[DIRECTIONS FOR THIS TASK] From top to bottom, write out the listing exactly and skip every picture.

[PROVIDED DATA]
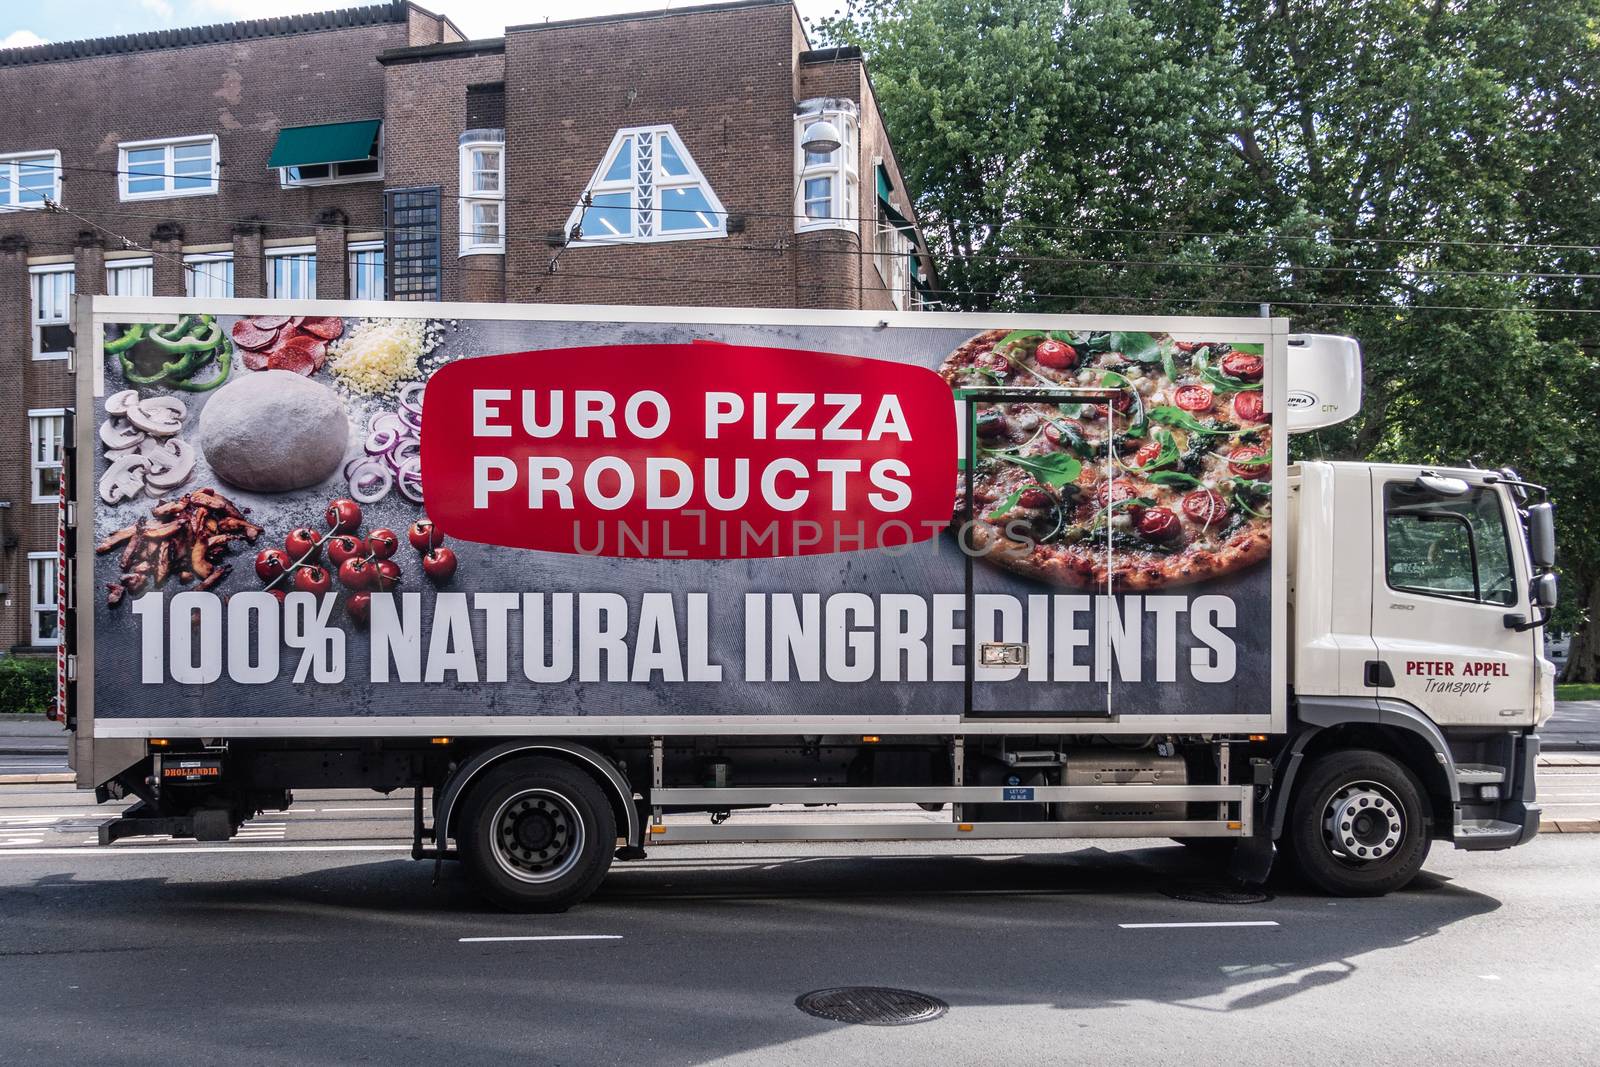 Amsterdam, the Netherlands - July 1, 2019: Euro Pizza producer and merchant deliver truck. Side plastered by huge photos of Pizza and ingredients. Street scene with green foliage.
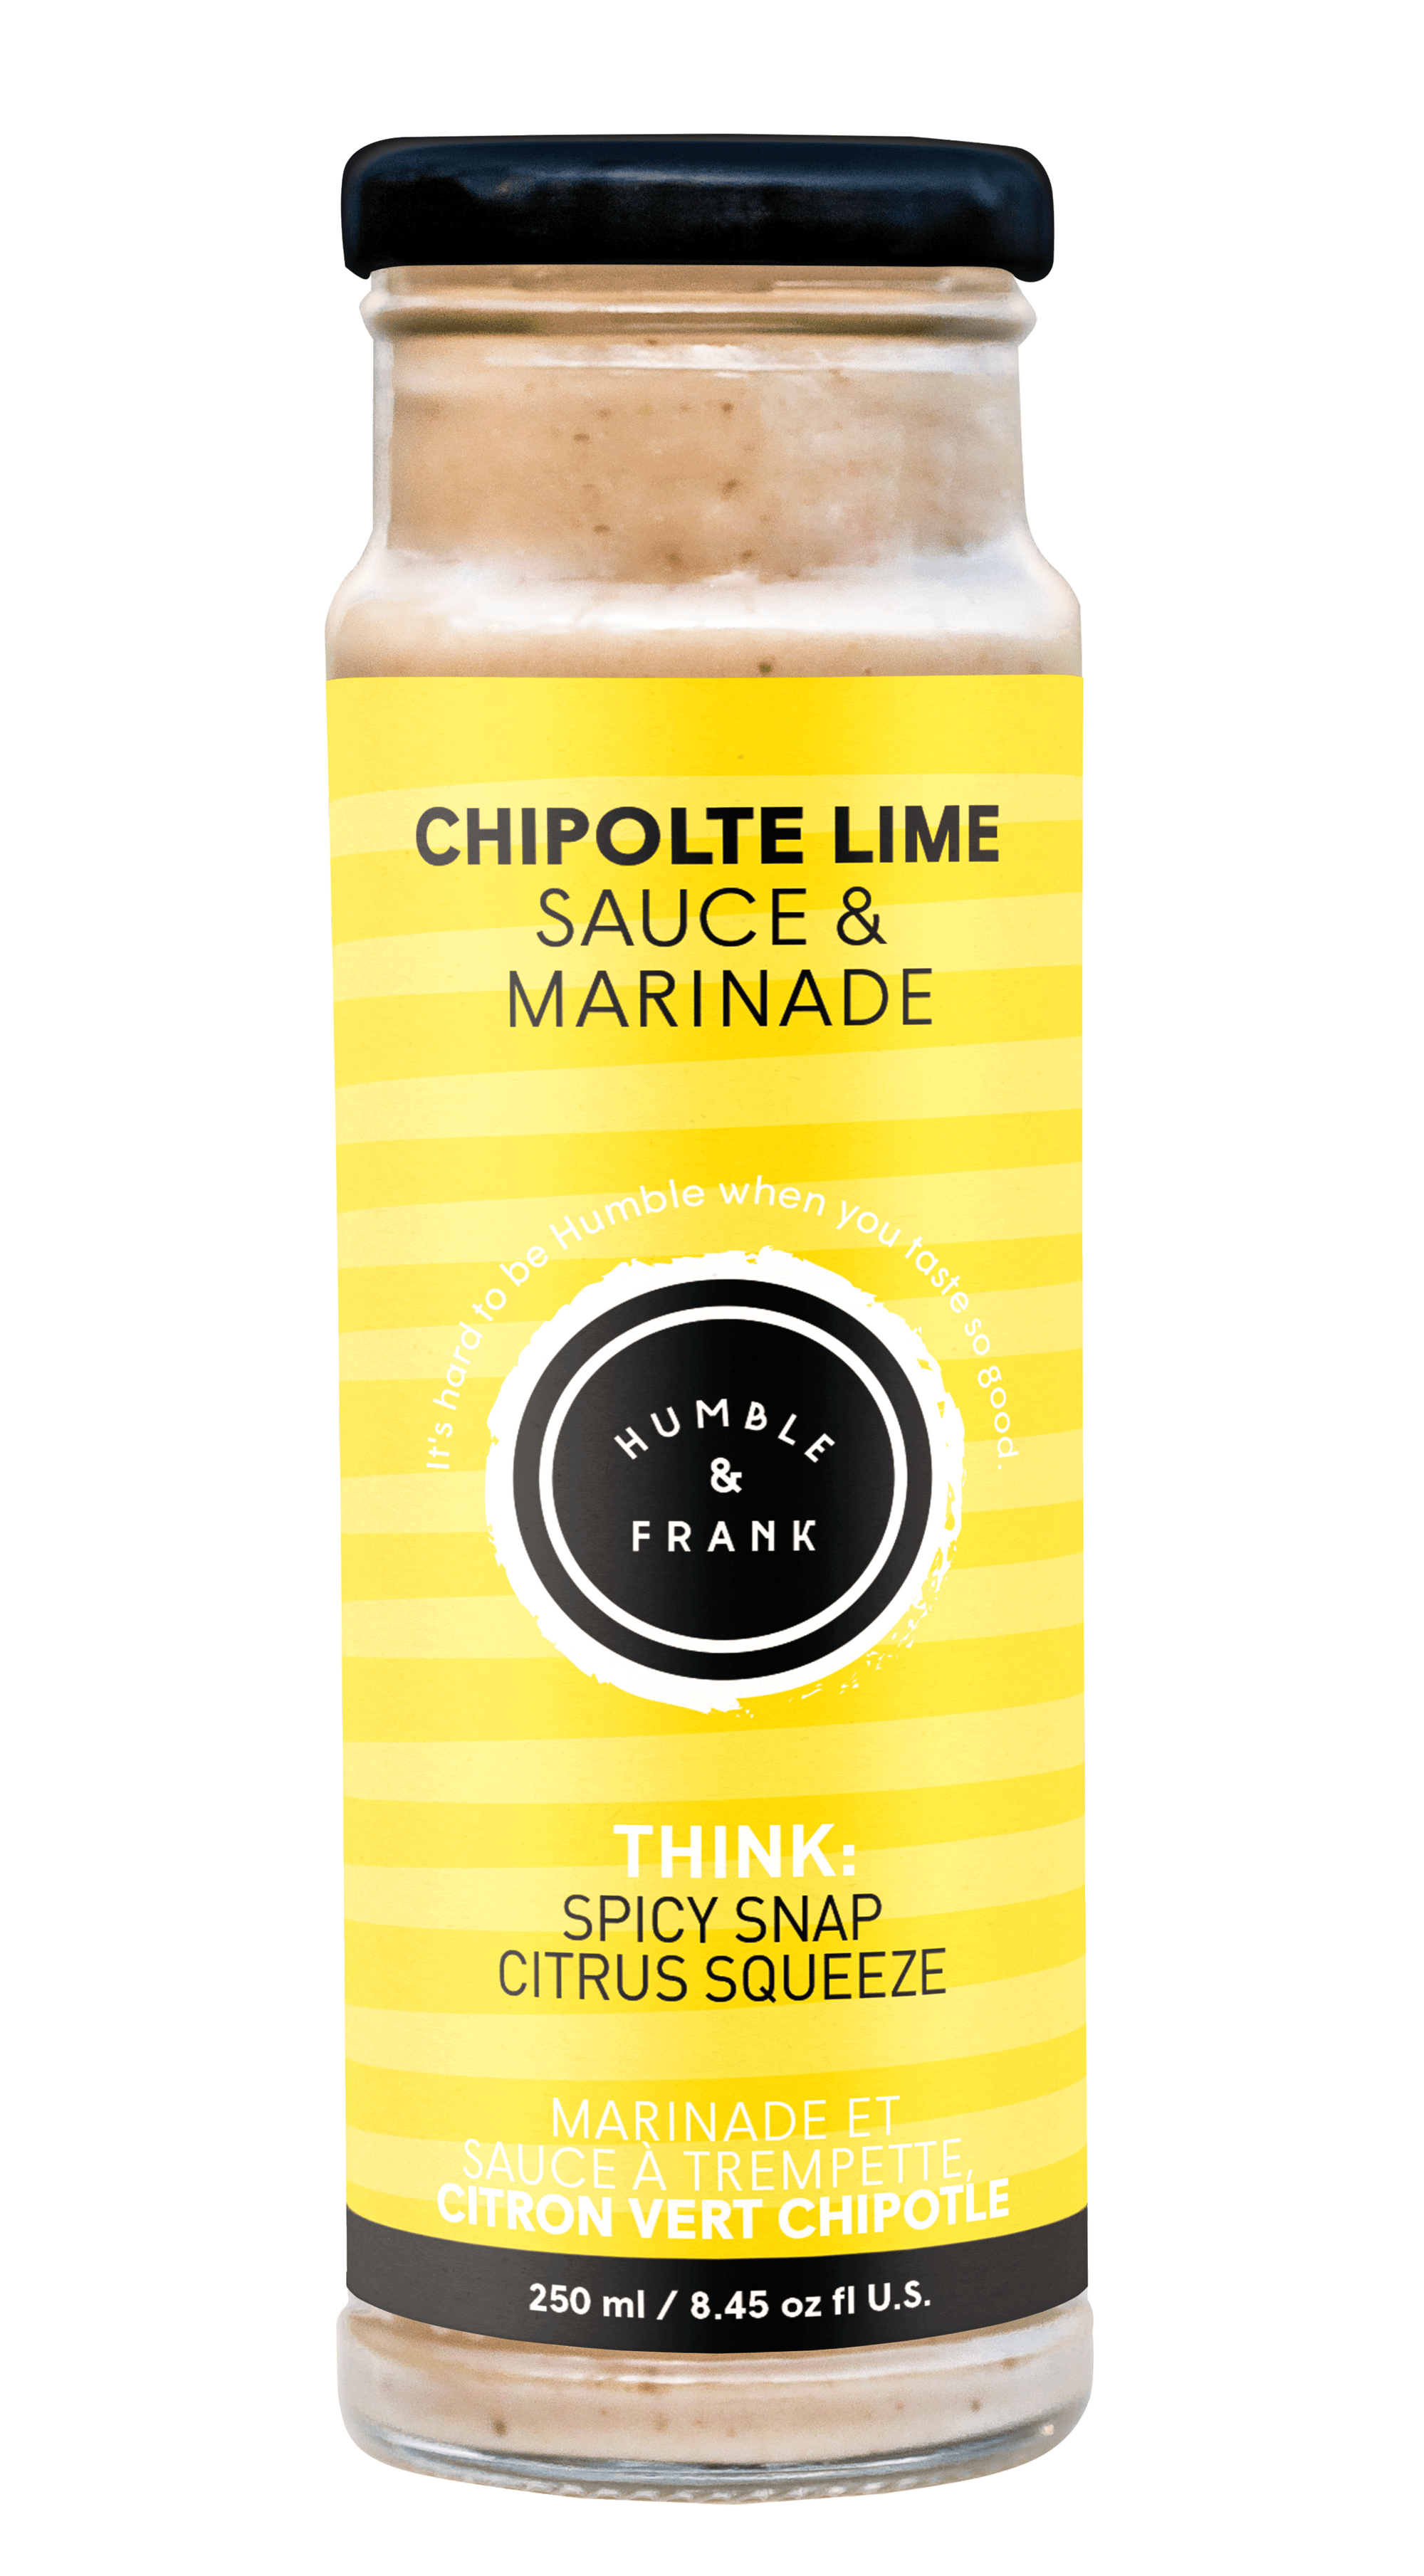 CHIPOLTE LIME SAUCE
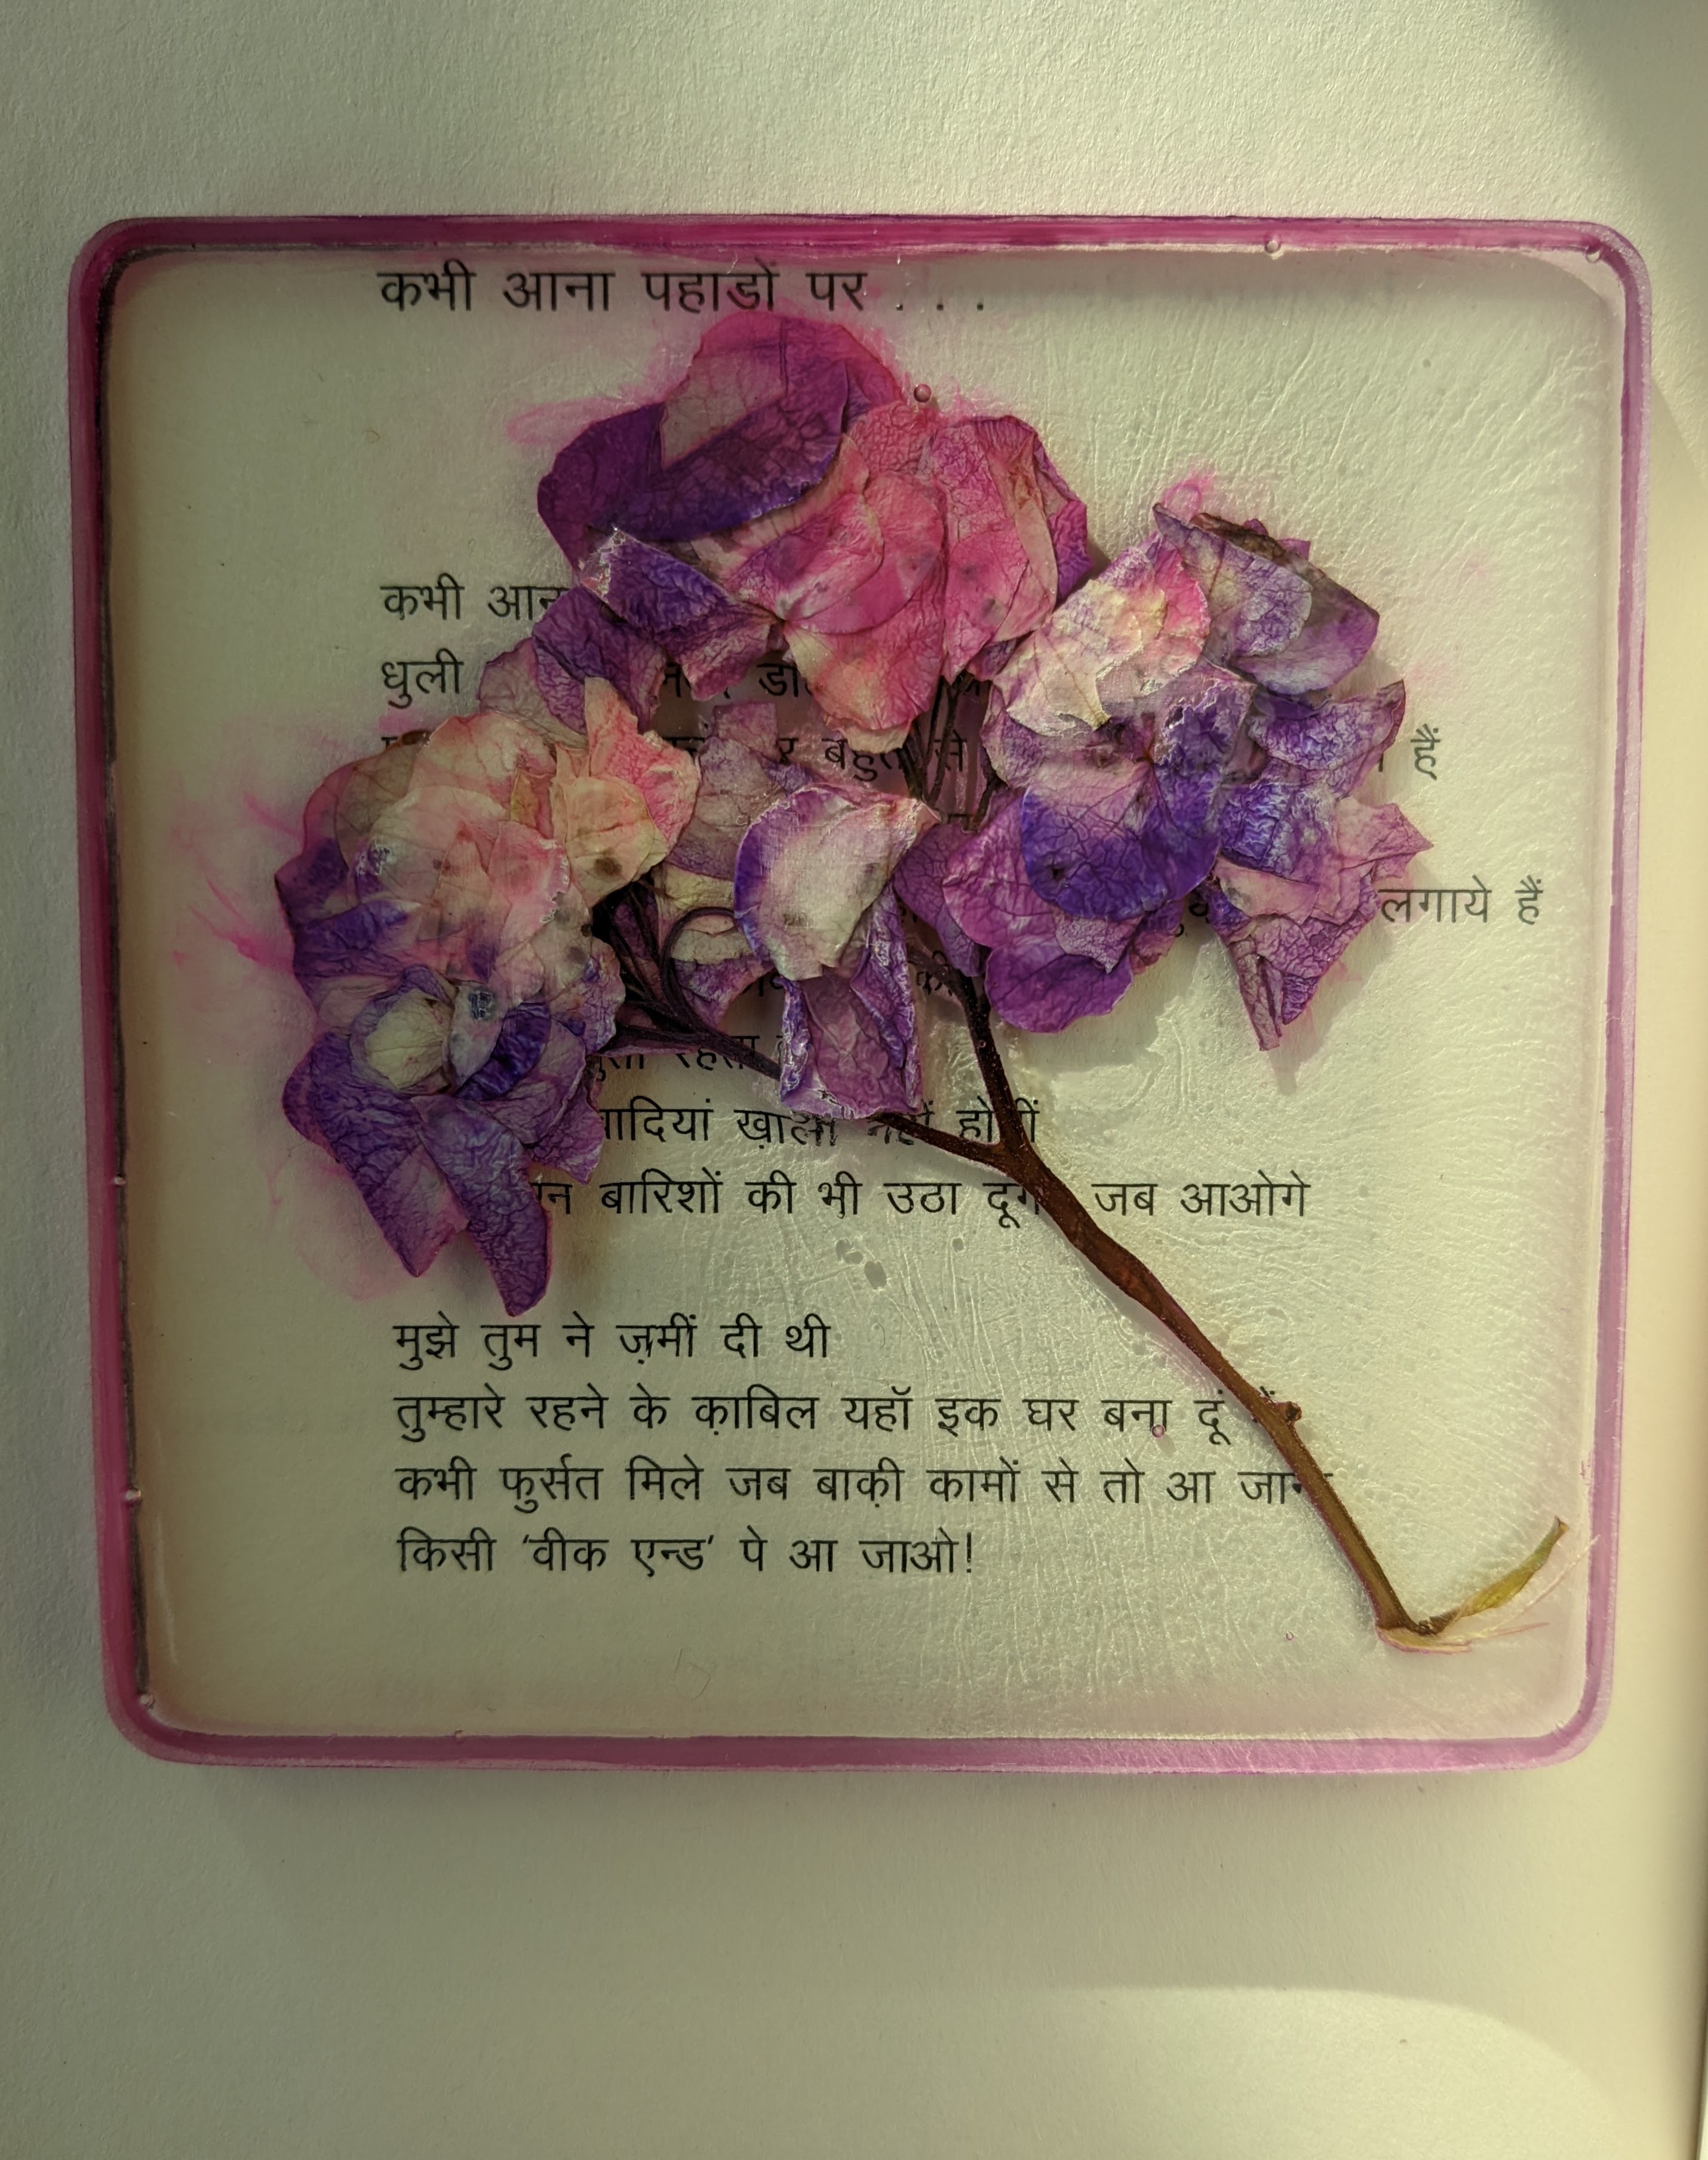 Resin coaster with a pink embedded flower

[TASK RESULT]
 Amsterdam, the Netherlands - July 1, 2019: Euro Pizza producer and merchant deliver truck. Side plastered by huge photos of Pizza and ingredients. Street scene with green foliage.
 CHIPOLTE LIME SAUCE
 Resin coaster with a pink embedded flower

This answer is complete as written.